The farmers’ dislike for VAT is based upon fears that it would burden the sector with additional 30 per cent taxation – 15 per cent tax on inputs and 15 per cent on outputs – pushing the cost of production correspondingly. This would turn the sector uncompetitive on international and regional markets.

It is also the all-embracing nature of VAT that creates fears among the farmers. They know that VAT would take out exemptions that have so far saved small farmers – who, incidentally, are over 90 per cent of the growers. Most of these farming families are already living on, or below, the poverty line. The VAT would only push them down the line, creating a social chaos in hitherto poor but peaceful rural areas.

The VAT now threatens to end that social safety net of small farmers. That is what makes it politically and socially more sensitive issue.

Why government wants to impose a tax on produce, which is purely meant for value addition. It generates additional fears, and trust deficit between government and people make the matter worse. As reflected by the name, the VAT taxes value addition, not produce. The government plans to bring even agriculture produce – cotton, to begin with – this only makes the farmers nervous about the tax itself, and the government planning.

In VAT regime, all stakeholders of value-addition chain pay tax at every stage and recover it from the buyers, ultimately burdening the end consumer. In case of cotton, the end consumer is a European or American citizen. How would the farmers recover their tax, even if they pay. So is the case of rice, which is an overwhelmingly export crop.
“The farmers may be able to recover money in case of vegetable, which are sold in domestic market but recovering money from foreign buyers is a question mark,” says Shahid Kardar – former provincial finance minister. The farmers would have problem recovering their money in case of cotton and rice. What makes the VAT case scarier for farmers is that payment is certain and collection is not. The VAT would definitely increase their cost of production, but recovery process of their money is not as clear as collection, he says.

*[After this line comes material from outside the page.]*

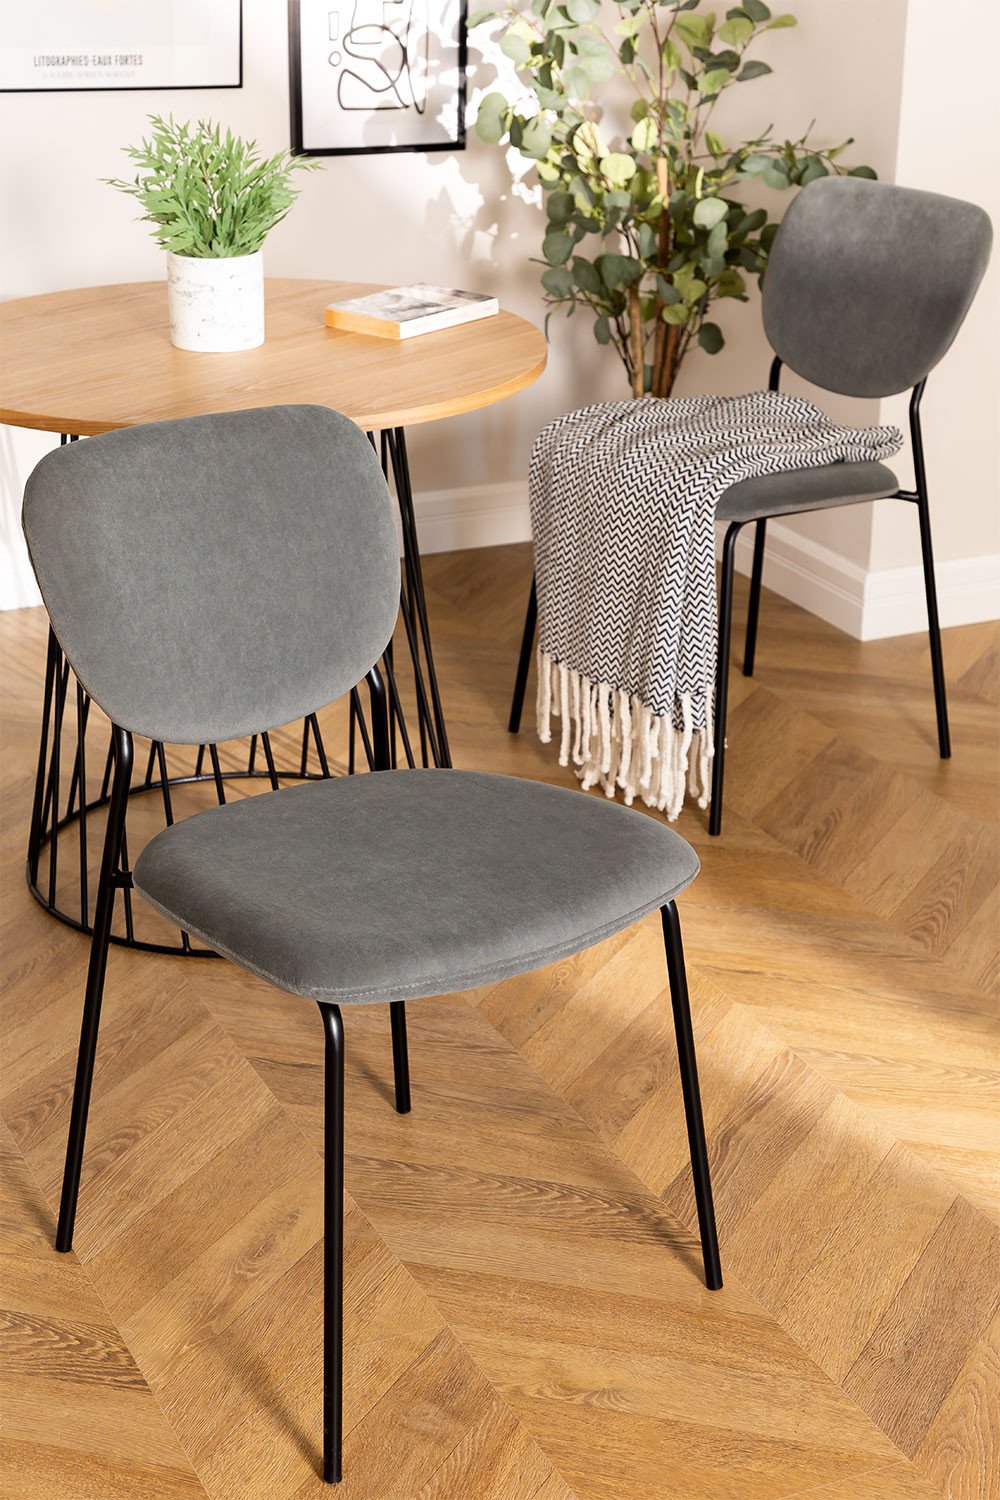 Velvet Upholstered Dining Chair Taris, Grey Hairpin Dining Chairs

The farmers also wonder for whose benefit the government is slapping the VAT on their sector. The sector is already absorbing 44 per cent of country’s labour forces,95 per cent poor farmers who own less than 12.5 acres of land and 40 per cent of population living below the poverty line. All these people would drop down the poverty line once the VAT regime takes hold. Who would then benefit? It would certainly not benefit farmers who would pay more and earn less.

The utilisation of tax money has never inspired confidence among people to pay. No one is satisfied with the way government squanders tax payers’ money to benefit a small class of politicians, bureaucrats and their cronies. Widespread individual and institutional corruption does not encourage people to pay taxes, leave alone higher taxes for official corruption.

They also question where these loans are being spent, which make implementation of the VAT necessary. Billions of dollars are being taken as loan and people’s lives are being made difficult to ensure repayment. But where are they being spent? The government has not financed even one project in the agriculture sector from over $10 billion in loans and grants it received over the last two years. But it is asking the farming community to ensure repayment of the loans it never benefited from.

They also consider the government guilty of importing a philosophy from a different set of circumstances and people and trying implant here without noting indigenous realities, and doing so with an indecent haste. Singapore took two years before implementing VAT and neighbouring India kept it on hold for one year while Australia discussed it for six years. In Pakistan, the government wants to do it in six months.

They consider the tax rate even ridiculous. Even in developed countries, like Japan, Malaysia, Switzerland, Canada and Australia, the VAT rate is not more than 10 per cent. Pakistan wants to start it with 15 per cent.

In the final analysis, the farmers want government to sit with them and discuss all ramifications that the tax would entail, take them into confidence before taking the final leap.